--- GIVEN DATA ---

____________

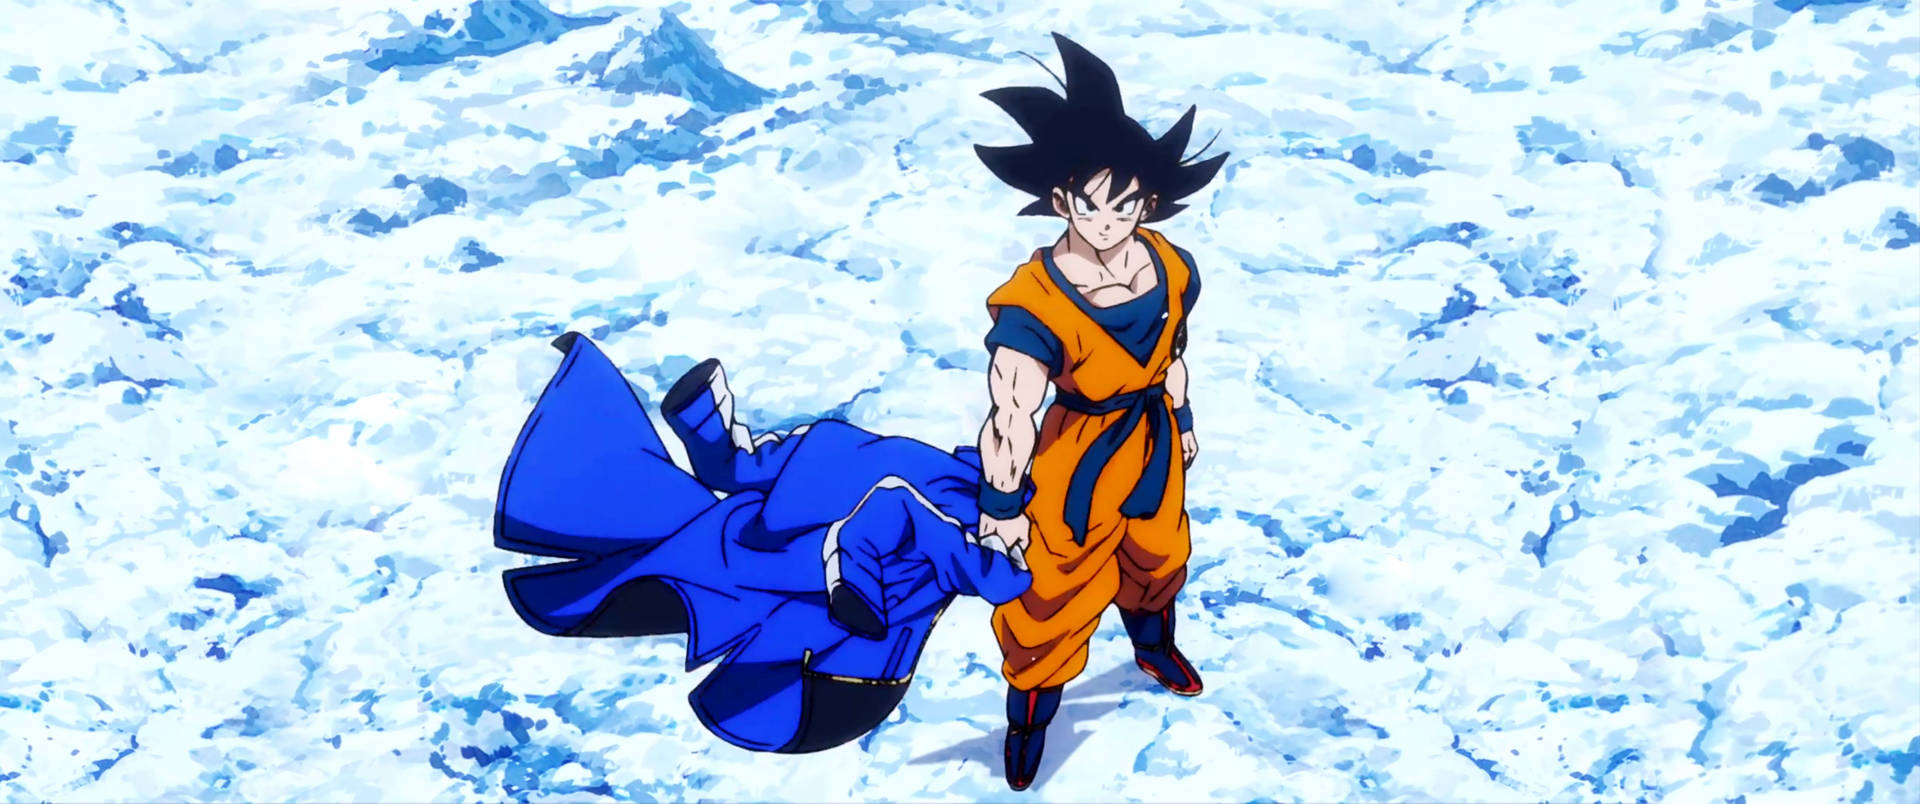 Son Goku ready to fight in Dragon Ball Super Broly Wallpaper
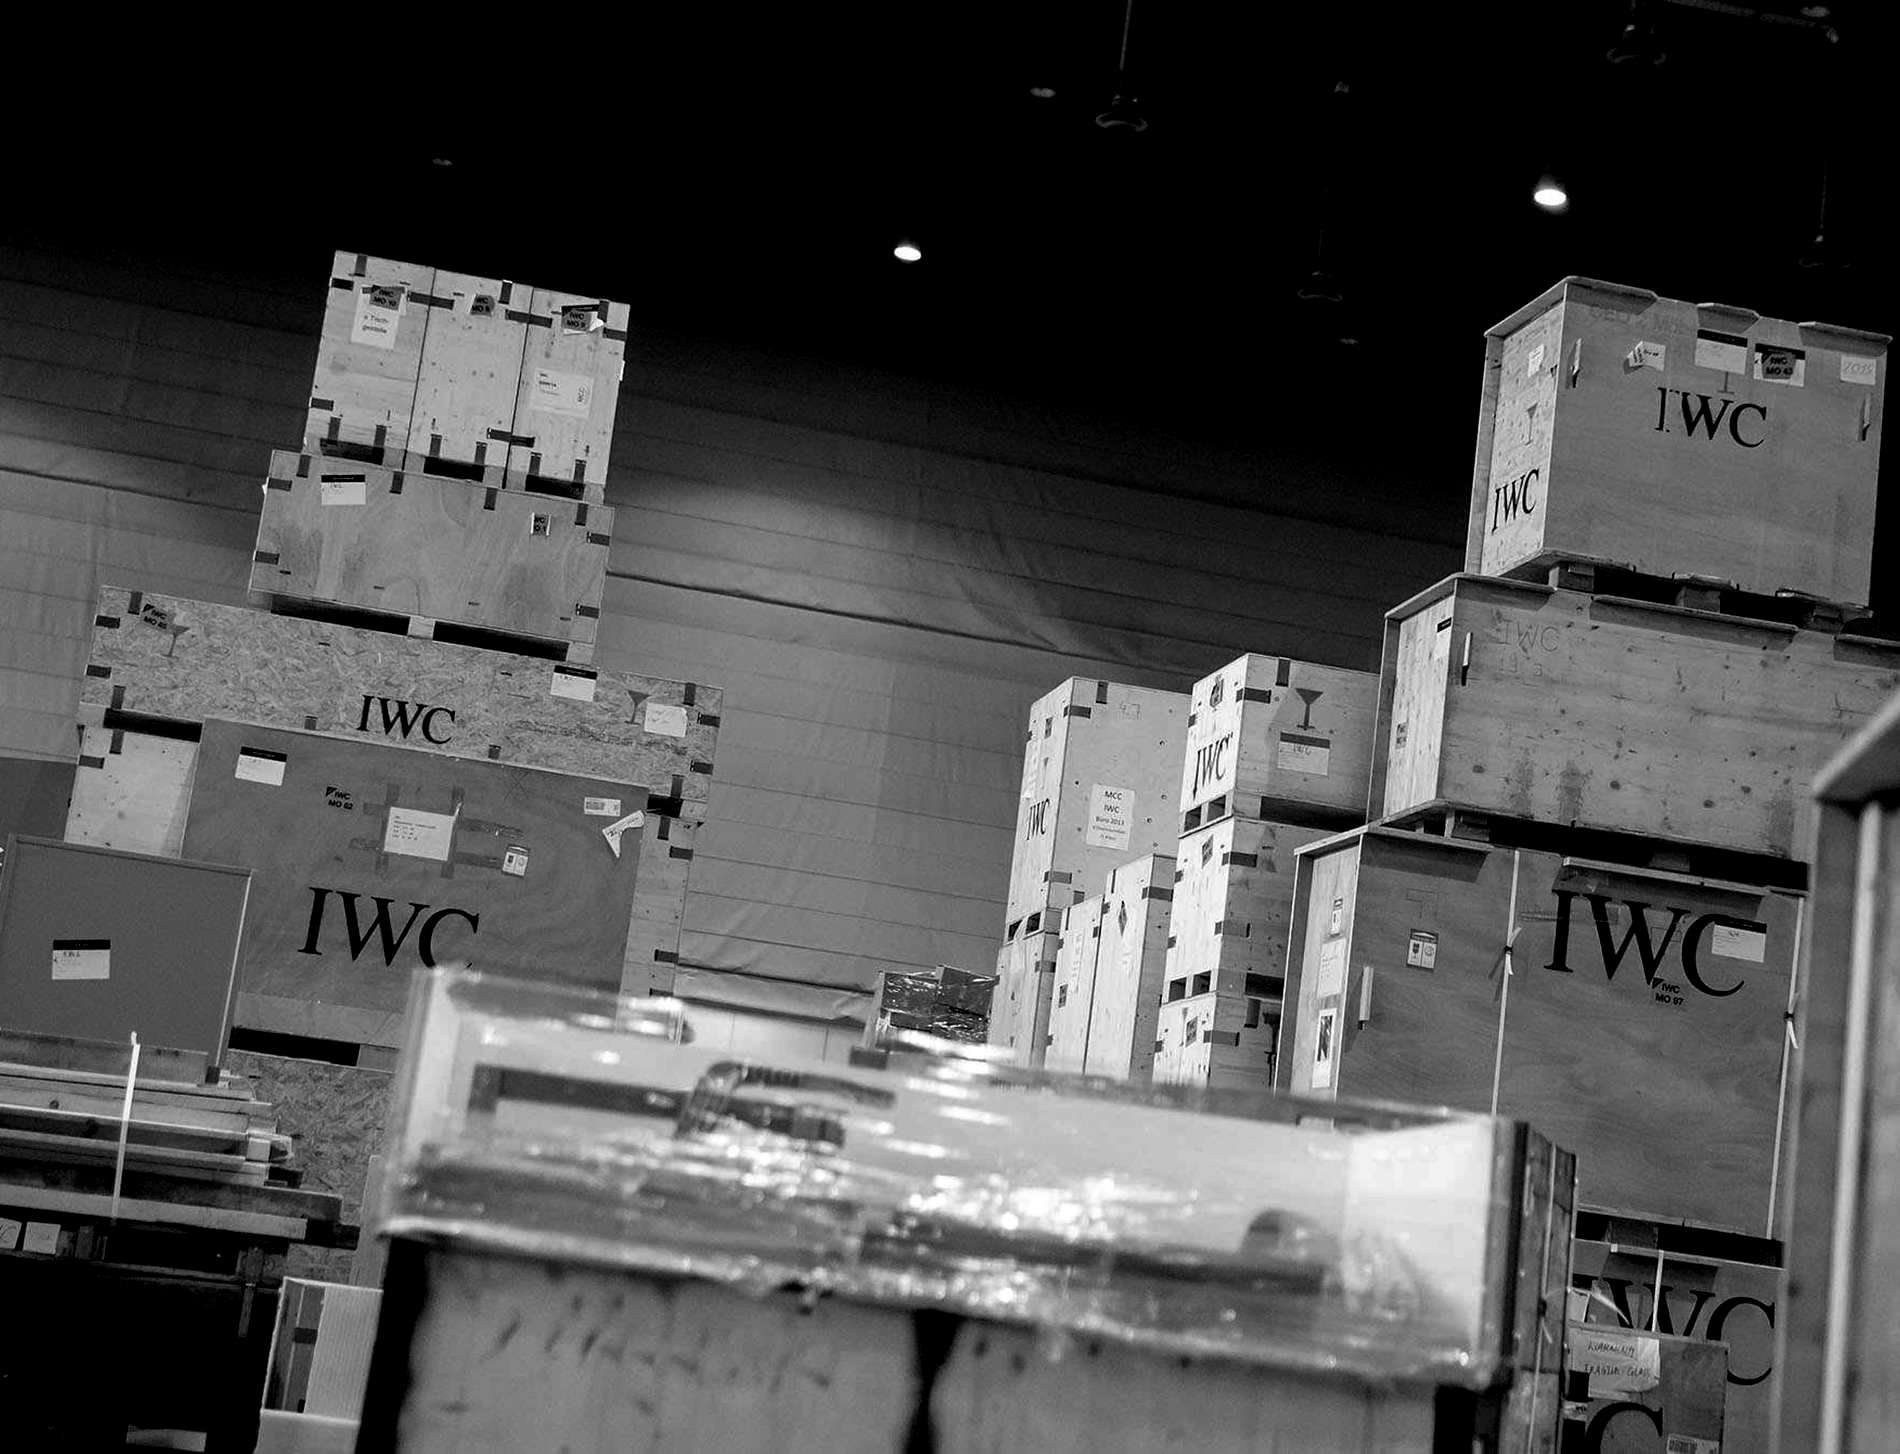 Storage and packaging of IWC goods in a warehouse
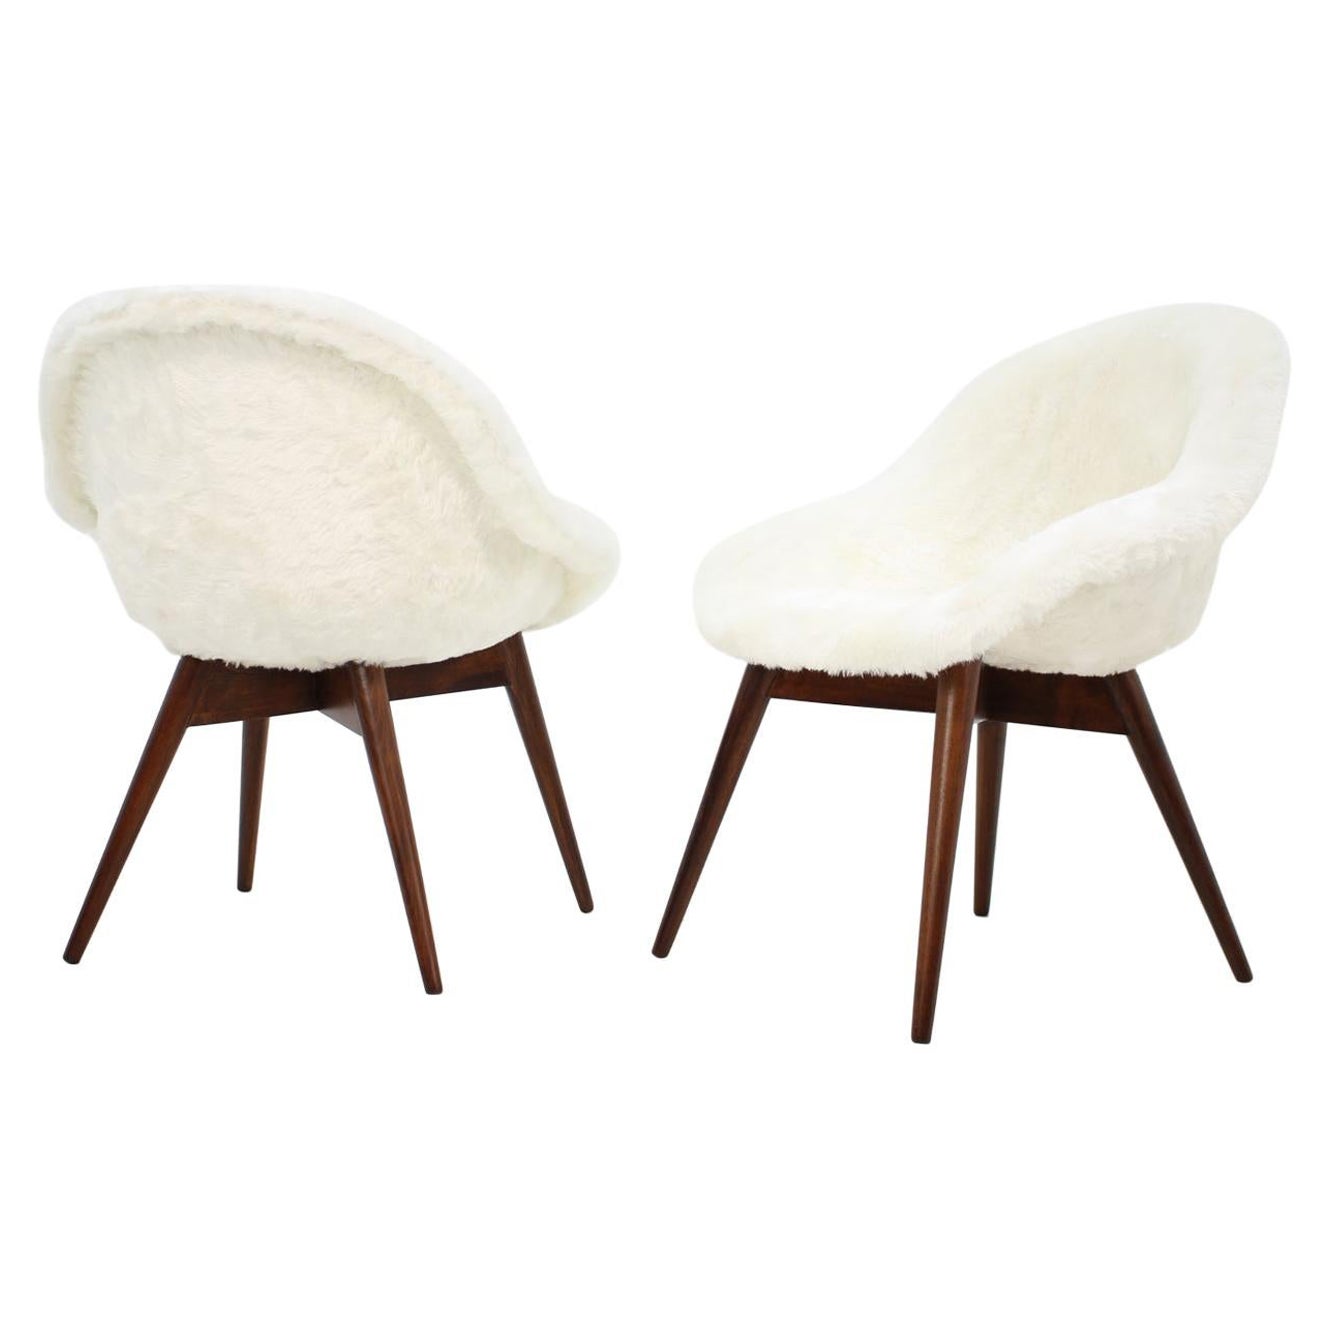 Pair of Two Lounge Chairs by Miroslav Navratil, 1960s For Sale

____________

--- ACTIVITY ---
Give back the whole listing exactly as it stands. Drop every picture.

--- SOLUTION TO THE EXERCISE ---
 Son Goku ready to fight in Dragon Ball Super Broly Wallpaper
 Storage and packaging of IWC goods in a warehouse
 Pair of Two Lounge Chairs by Miroslav Navratil, 1960s For Sale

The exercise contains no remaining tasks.